The book focuses on Fallon, a halfling in a world where the pure blood fae caste rules with an iron hand, keeping all others in their place well below the shining island where they rule. Having taken over through two wars that subjugated all the other races, Fallon recognizes the unfairness of her world. What she doesn’t know is what to do about, especially since everyone seems to know there’s something strange about her. Tired of everyone lying to her and the constant pressure to be a good, compliant, unremarkable girl, she travels to the human island one night where a seer bids her to find and release five iron crows so she can become queen.
Convinced that this is the path to letting her finally be with her long time crush, the fae prince Dante, and incredible tired of the status quo, Fallon undertakes the journey which will change her and the world forever.

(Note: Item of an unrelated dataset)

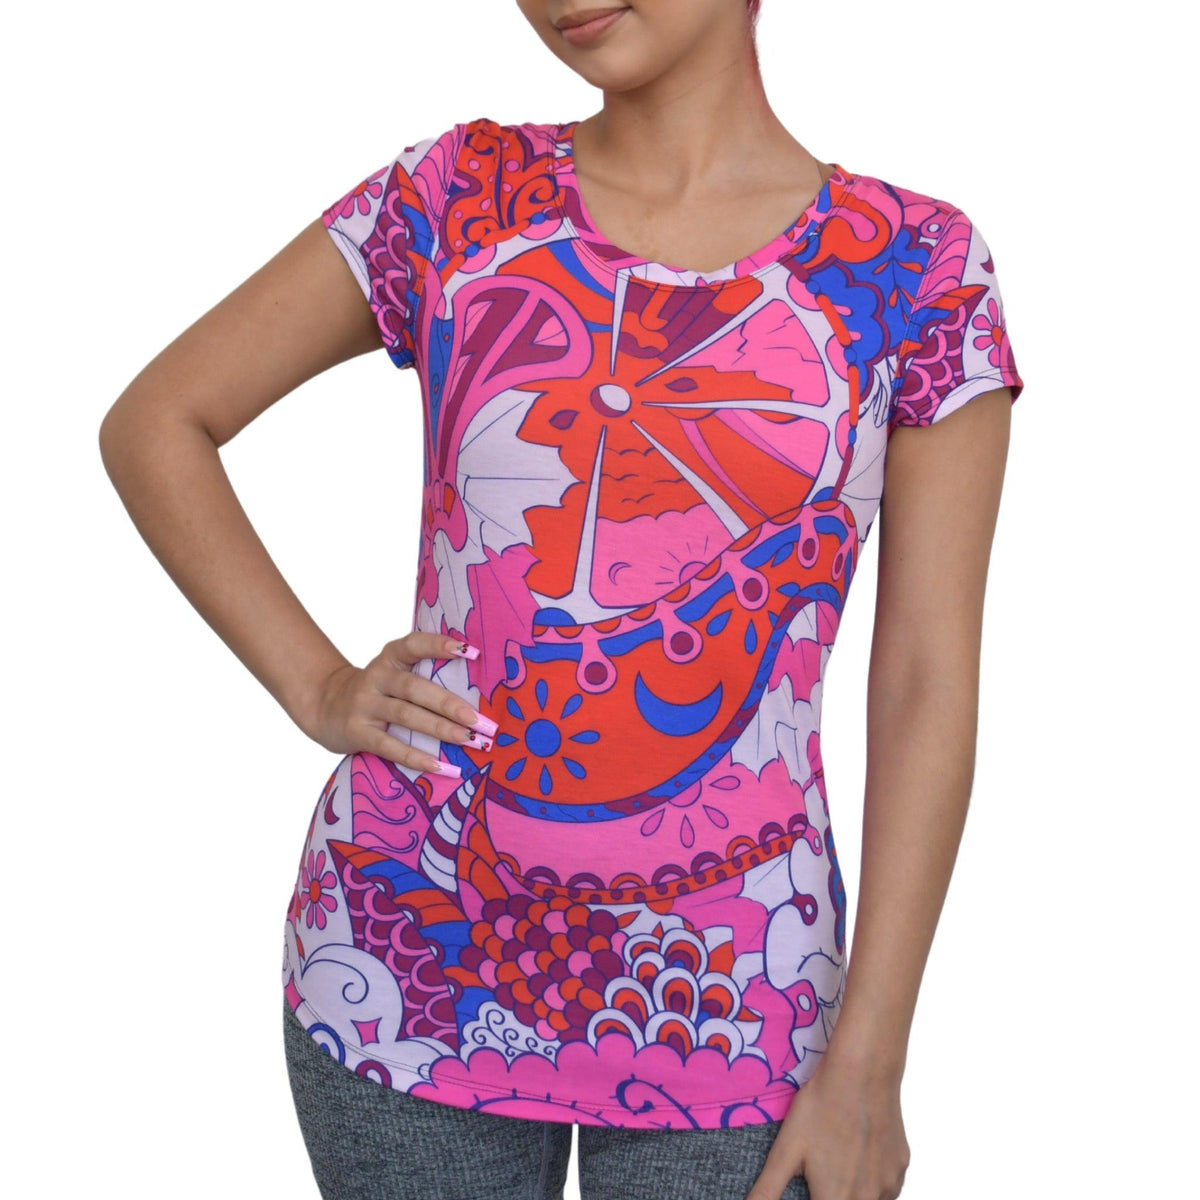 Sameria Fitted Tee - Pink Kaleidoscope Abstract Floral

Wildenstein’s world setting is based on Italy (a nice change from all the Gaelic and English set fae worlds), but it’s her writing that makes this book truly stand out. Utterly brilliant and poetic, the setting and characters are built up artfully, nested in a complex world of friendship, secrets, and morality. Even the oppressiveness of the world is so delicately spun that the reader knows the ark, filthy underbelly is there, but it’s easy to overlook it, like Fallon does, in a quest to just survive in the world. The depths of the magic, unique chosen one angle are also present, but Fallon spends all of this book, and much of the next as a powerless woman just trying to do what she feels is right.
I highly recommend this book as a stand out from the “House of Fairy Smut” trend at the very least for the author’s prose and world building skills.